BRIGITTE BLÖCHLINGER

HOFFEN AUF BESSERE ZEITEN (JONAS RAEBER)

SELECTION CINEMA

Fabrikschlote stoßen rhythmisch zu kontinuierlich schneller werdender Musik Rauch aus, ein Unternehmer mit einschlägigen Attributen wie dicker Bauch, Brille, Krawatte, Hosenträger, betrachtet dies mit sichtlicher Genugtuung. Überraschend jedoch beginnt die Produktion zu erlahmen. Zusammen mit einem verschüchterten Angestellten schreitet der Boß durch die gigantische Anlage und läßt sich instruieren: Es hapert an der Wasserkraft. Ein Plan ist schnell entworfen, der Unternehmer schreitet zum Telefon und kontaktiert einen Militärchef.

Als Warenmuster deklarierte Bomben verlassen die Fabrik, werden mit Flugzeugen Richtung Militärchef geflogen. Doch der militärische Gegner schläft nicht: Als er die Flugzeuge erspäht, reagiert er prompt, drückt den sagenumworbenen Knopf - und schon ist Krieg. Die Bomben fliegen hin und her, zerstören Häuser und töten Unbeteiligte. Unterdessen schauen der Industrielle und sein Gehilfe gespannt in eine gigantische Röhre. Da erscheint sie auch schon, die Welle von Blut, die die fehlende Wasserkraft ersetzt und die Produktion wieder antreibt.
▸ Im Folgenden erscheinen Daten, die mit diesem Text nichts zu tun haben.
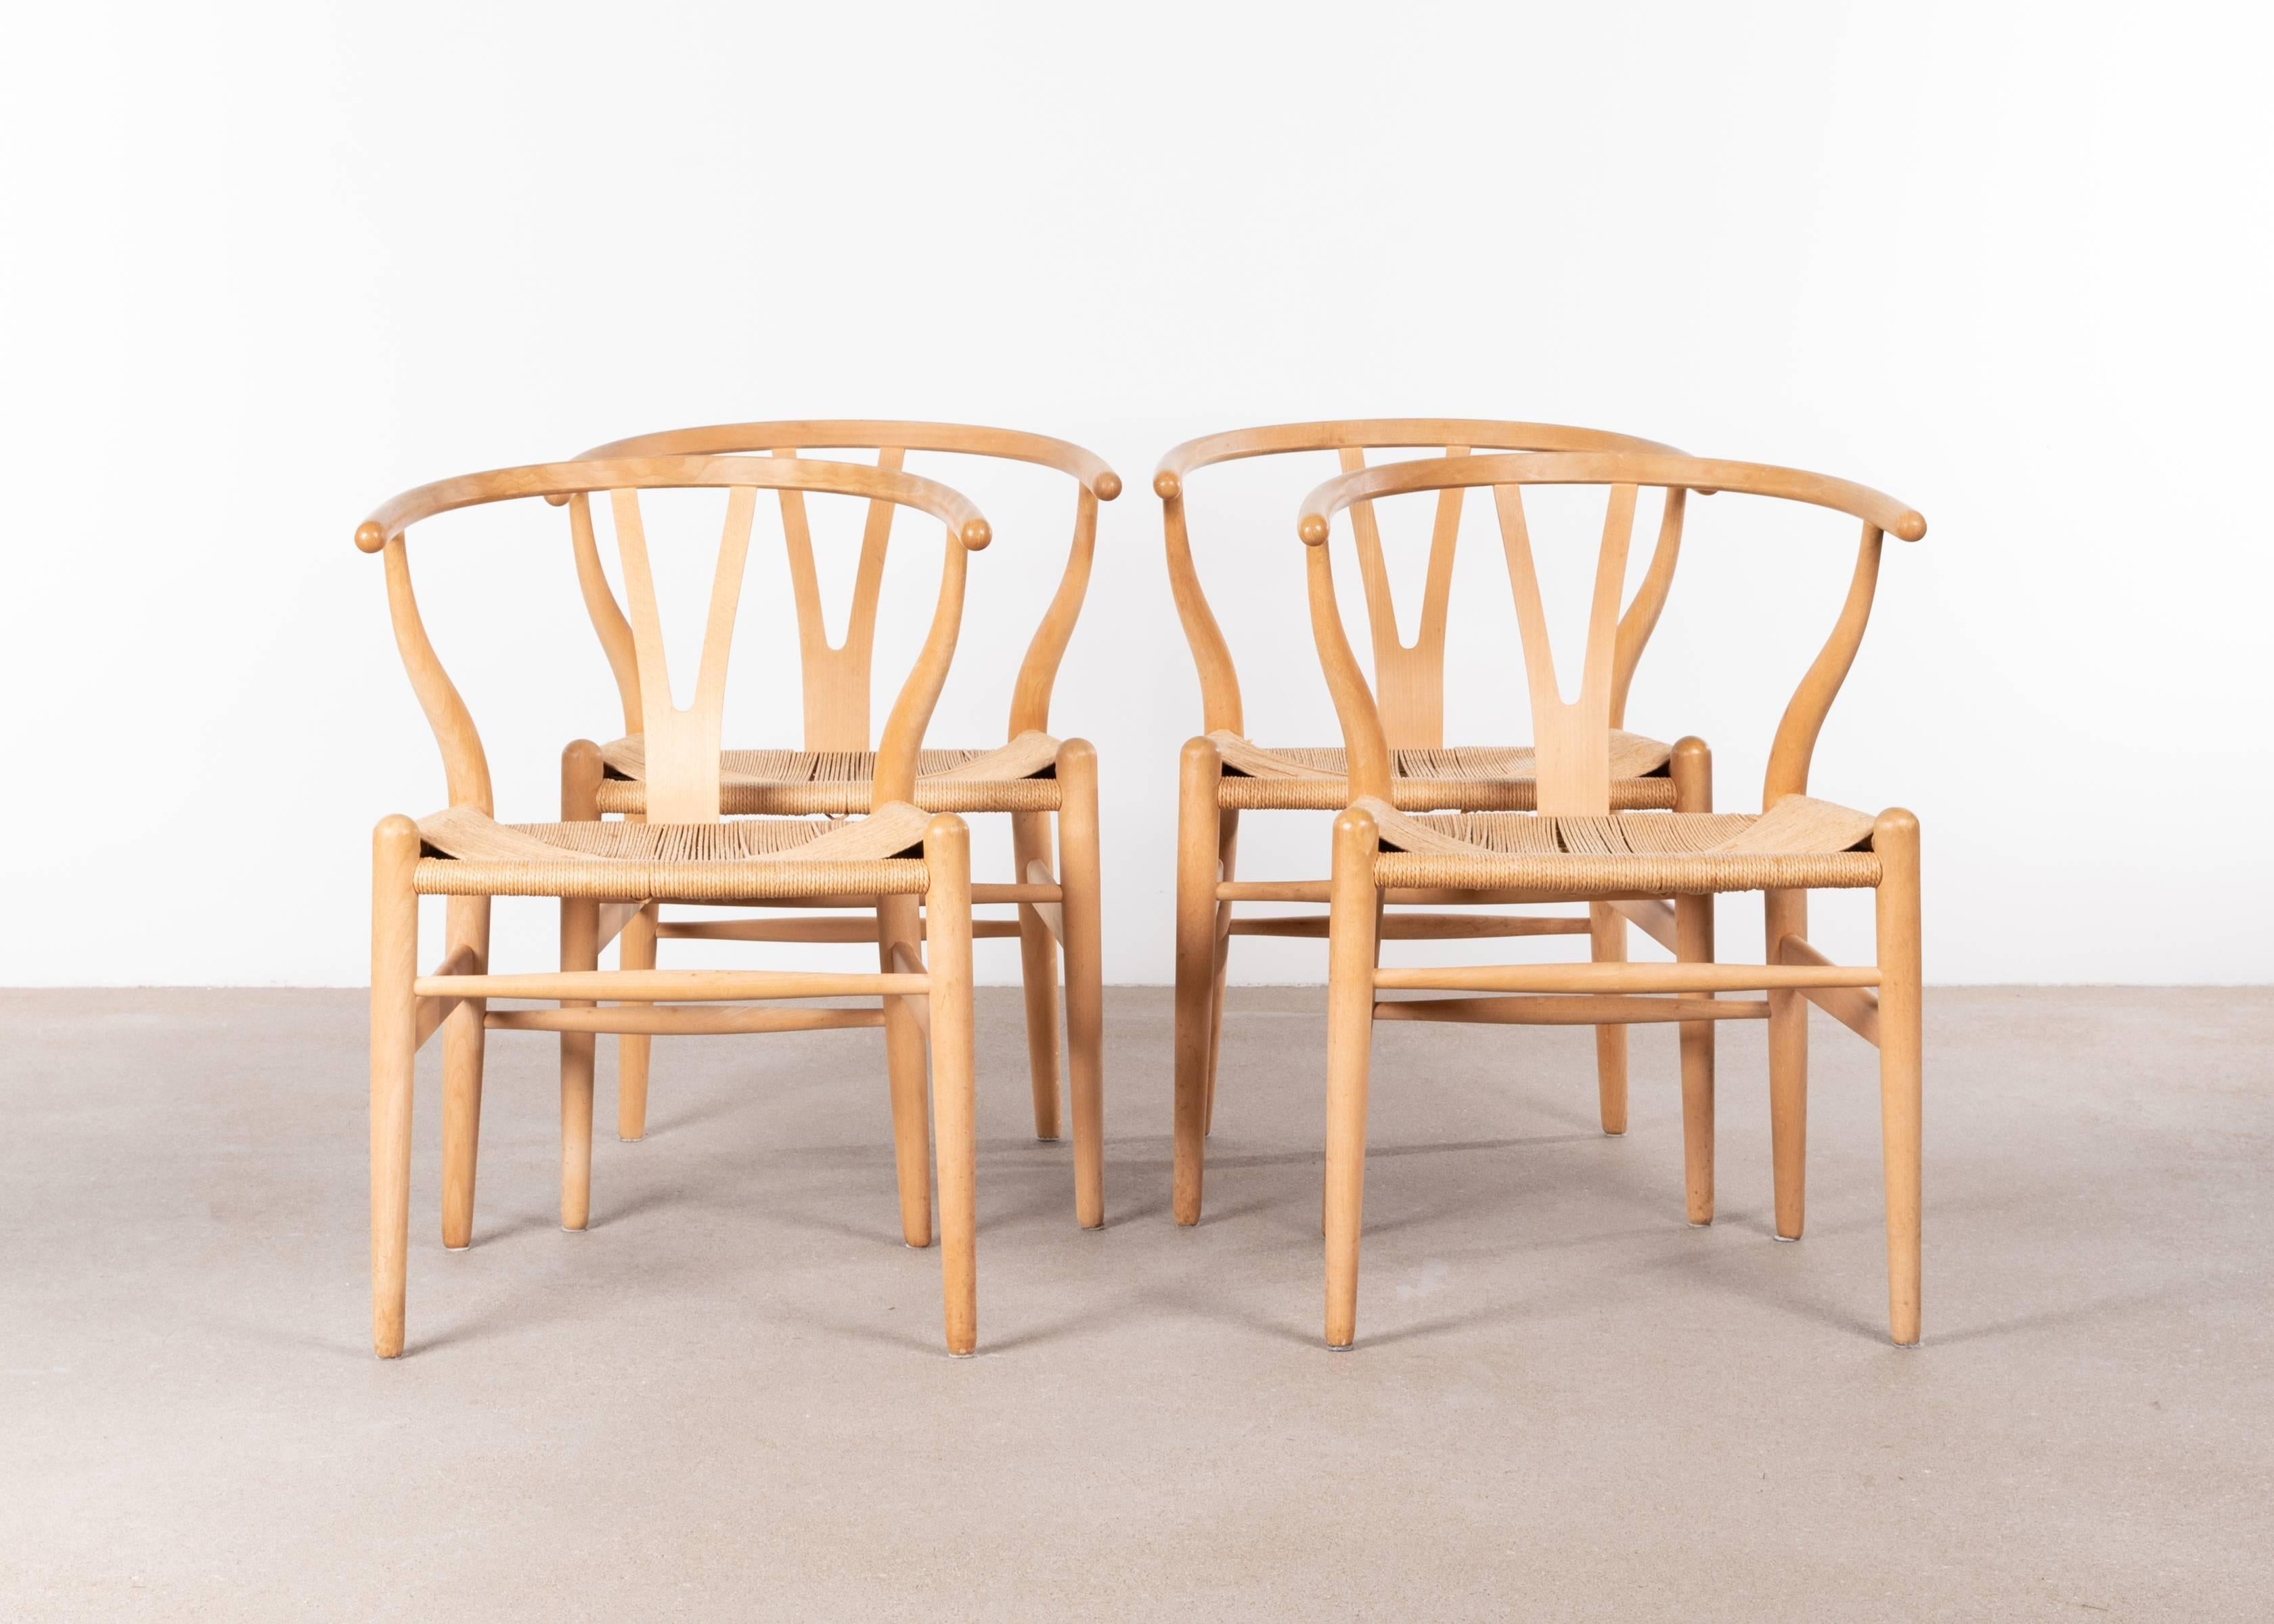 Nice set of Wishbone chairs (model CH24) in light wood by by Hans Wagner for Carl Hansen & Søn. Very good condition with solid frames and no damage to the papercord. All chairs are signed with manufacturer label.

Als der Industrieboß die sinkende Bilanzkurve wieder nach oben verlaufend malt, ist die Farbe Blut, das nach unten fließt und die Zacken der Kurve ausmalt, so daß sie an die Silhouette einer Bergkette erinnern. Ein Schweizer Kreuz bleibt vom flächendeckenden Blut ausgespart. Schrifttafeln klären auf: „Schweizer Waffen“, „Ein todsicheres Geschäft“, „Weltweit“. Dazu ertönen die Verse der Nationalhymne: „Wenn der Alpenfirn sich rötet ... sich rötet, sich rötet“, echot es. Aus dem Kreuz werden ein, zwei, viele Grabkreuze, verteilt über die ganze Erdkugel, die der Industrielle jetzt vor seinem Bauch aufgestellt hat, während er zufrieden auf seine rauchenden Schlote schaut.

Hoffen auf bessere Zeiten, der zweite Trickfilm des 1968 geborenen Comiczeichners und Zeichentrickfilmers Jonas Raeber, stellt einen direkten Zusammenhang zwischen skrupellosen und berechnenden Waffenherstellern und den Kriegsschauplätzen der Welt her. Der Schluß des ansonsten zeitlos gehaltenen Films verweist auf aktuelles Geschehen: „23. Oktober 1991: In Paris wird das Friedensabkommen für Kambodscha unterzeichnet. Serbien ruft die Generalmobilmachung aus. In der Schweiz titelt eine Tageszeitung in Zusammenhang mit der Redimensionierung der Armee: Munitionsfabrik ist optimistisch und hofft auf bessere Zeiten4.“

Im großen und ganzen wirkt der Trickfilm eher agitatorisch denn informativ, und zwar insofern, als vor allem die gigantischen Ausmaße der Industrieanlage und die Bösartigkeit der Herrschenden plastisch vor Augen geführt werden und eine Differenzierung von Kriegsursachen und Hintergründe weggelassen wird. Der gradlinige Zeichenstrich und die auf Schwarz, Weiß und Rot reduzierte Farbgebung unterstreichen diese Plakativität noch - eine Plakativität, die wohlgemerkt beim Publikum gut angekommen ist. Der Film vereinfacht, aber er abstrahiert zu wenig, was nach meinem Gusto nötig gewesen wäre, um ein derart komplexes Thema in elf Minuten abzuhandeln.

Brigitte Blöchlinger
geb. 1962, lic. phil. I, mehrere Jahre Filmkritikerin, zur Zeit Redaktorin bei der WochenZeitung in Zürich, Mitherausgeberin und -autorin des ersten Lexikons über Schweizer Filme- und Videomacherinnen.